▶ **YOUR ASSIGNMENT**:
Return all lines from the listing below that include the word "Slonem".

▶ **SUPPLIED MATERIAL**:
*** Begin section ***

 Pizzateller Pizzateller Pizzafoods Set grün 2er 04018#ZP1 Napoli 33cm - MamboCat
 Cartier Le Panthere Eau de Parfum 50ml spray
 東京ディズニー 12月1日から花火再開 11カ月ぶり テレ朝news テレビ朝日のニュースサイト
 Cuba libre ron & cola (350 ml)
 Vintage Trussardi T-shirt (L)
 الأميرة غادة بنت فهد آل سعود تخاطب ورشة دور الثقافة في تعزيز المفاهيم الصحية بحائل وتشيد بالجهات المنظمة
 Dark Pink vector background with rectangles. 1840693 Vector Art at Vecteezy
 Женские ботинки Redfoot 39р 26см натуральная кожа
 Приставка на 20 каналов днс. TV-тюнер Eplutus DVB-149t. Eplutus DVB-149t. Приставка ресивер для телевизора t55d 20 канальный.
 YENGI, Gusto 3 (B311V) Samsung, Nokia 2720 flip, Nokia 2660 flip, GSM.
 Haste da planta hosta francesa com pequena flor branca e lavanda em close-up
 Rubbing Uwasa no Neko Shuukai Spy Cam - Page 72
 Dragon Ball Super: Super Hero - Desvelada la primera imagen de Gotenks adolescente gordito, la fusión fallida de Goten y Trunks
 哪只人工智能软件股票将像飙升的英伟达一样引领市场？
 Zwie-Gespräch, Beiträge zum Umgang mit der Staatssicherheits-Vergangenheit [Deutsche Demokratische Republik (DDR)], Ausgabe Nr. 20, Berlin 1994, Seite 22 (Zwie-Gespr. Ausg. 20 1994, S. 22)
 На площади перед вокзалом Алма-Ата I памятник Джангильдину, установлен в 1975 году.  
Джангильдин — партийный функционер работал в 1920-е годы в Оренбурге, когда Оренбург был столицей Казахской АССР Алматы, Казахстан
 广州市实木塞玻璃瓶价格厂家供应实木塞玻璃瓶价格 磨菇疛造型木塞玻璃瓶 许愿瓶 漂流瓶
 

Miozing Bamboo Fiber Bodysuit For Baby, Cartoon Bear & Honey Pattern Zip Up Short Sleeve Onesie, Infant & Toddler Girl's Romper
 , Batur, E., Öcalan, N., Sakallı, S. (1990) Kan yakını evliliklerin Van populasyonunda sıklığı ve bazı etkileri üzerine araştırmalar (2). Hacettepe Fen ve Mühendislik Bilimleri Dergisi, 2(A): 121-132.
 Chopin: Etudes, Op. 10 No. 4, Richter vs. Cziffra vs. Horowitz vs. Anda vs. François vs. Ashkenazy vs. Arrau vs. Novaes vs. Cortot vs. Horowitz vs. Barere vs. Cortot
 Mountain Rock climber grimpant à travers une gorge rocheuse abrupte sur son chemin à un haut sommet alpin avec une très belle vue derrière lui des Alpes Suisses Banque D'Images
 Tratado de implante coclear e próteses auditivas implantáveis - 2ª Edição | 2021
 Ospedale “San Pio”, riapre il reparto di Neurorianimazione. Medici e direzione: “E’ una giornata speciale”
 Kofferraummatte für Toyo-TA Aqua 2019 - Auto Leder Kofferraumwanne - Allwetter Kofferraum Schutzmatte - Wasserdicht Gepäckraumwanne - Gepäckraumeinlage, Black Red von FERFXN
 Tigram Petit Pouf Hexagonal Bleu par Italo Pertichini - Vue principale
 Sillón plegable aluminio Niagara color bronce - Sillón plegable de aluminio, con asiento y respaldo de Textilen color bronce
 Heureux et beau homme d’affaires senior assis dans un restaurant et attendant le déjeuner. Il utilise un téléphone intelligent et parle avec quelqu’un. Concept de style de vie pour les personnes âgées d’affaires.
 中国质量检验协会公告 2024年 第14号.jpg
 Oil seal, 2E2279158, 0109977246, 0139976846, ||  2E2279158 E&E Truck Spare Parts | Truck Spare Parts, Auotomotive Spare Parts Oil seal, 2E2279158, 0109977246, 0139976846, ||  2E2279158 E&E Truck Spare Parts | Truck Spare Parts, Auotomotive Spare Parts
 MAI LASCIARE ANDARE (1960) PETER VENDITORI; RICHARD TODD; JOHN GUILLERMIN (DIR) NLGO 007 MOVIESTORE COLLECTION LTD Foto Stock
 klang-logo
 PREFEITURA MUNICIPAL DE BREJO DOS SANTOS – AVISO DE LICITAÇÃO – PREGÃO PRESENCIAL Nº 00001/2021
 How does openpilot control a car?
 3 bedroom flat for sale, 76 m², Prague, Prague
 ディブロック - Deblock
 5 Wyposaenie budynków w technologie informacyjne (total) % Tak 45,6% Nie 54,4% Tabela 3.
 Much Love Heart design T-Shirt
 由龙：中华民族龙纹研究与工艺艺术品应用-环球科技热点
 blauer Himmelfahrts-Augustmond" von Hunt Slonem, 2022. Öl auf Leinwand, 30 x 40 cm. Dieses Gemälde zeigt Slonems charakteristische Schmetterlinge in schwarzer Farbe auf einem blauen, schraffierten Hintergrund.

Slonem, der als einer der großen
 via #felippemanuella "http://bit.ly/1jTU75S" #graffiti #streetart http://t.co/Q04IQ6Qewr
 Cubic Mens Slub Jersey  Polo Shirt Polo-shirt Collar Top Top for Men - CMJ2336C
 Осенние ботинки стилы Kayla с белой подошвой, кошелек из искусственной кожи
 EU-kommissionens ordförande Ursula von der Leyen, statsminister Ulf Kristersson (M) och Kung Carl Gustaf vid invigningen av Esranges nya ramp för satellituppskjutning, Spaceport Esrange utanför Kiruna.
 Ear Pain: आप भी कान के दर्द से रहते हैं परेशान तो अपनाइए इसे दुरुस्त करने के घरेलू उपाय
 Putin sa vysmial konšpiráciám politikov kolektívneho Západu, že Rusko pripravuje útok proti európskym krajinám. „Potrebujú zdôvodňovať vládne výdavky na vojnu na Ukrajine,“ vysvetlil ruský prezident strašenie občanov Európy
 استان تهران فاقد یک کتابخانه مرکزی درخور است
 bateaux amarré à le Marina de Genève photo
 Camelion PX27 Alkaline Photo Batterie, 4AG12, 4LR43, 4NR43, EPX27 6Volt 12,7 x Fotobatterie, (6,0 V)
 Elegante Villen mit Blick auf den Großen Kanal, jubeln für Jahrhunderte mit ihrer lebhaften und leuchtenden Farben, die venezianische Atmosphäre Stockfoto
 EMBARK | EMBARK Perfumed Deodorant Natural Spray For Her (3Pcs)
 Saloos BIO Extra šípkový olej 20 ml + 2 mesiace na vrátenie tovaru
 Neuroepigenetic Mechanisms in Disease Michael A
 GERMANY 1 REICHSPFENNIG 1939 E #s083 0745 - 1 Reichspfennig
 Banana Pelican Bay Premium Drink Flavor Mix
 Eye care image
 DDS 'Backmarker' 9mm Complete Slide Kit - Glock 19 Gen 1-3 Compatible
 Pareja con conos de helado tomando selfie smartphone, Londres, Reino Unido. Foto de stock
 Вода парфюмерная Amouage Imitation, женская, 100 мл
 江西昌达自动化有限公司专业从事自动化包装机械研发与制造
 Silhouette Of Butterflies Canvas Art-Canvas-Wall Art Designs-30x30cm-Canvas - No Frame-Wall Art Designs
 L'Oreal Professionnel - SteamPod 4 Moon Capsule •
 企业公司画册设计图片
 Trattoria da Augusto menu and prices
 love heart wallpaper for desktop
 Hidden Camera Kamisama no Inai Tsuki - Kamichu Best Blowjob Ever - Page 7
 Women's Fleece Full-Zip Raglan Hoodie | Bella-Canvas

*** End section ***

▶ **RESULT**:
 blauer Himmelfahrts-Augustmond" von Hunt Slonem, 2022. Öl auf Leinwand, 30 x 40 cm. Dieses Gemälde zeigt Slonems charakteristische Schmetterlinge in schwarzer Farbe auf einem blauen, schraffierten Hintergrund.
Slonem, der als einer der großen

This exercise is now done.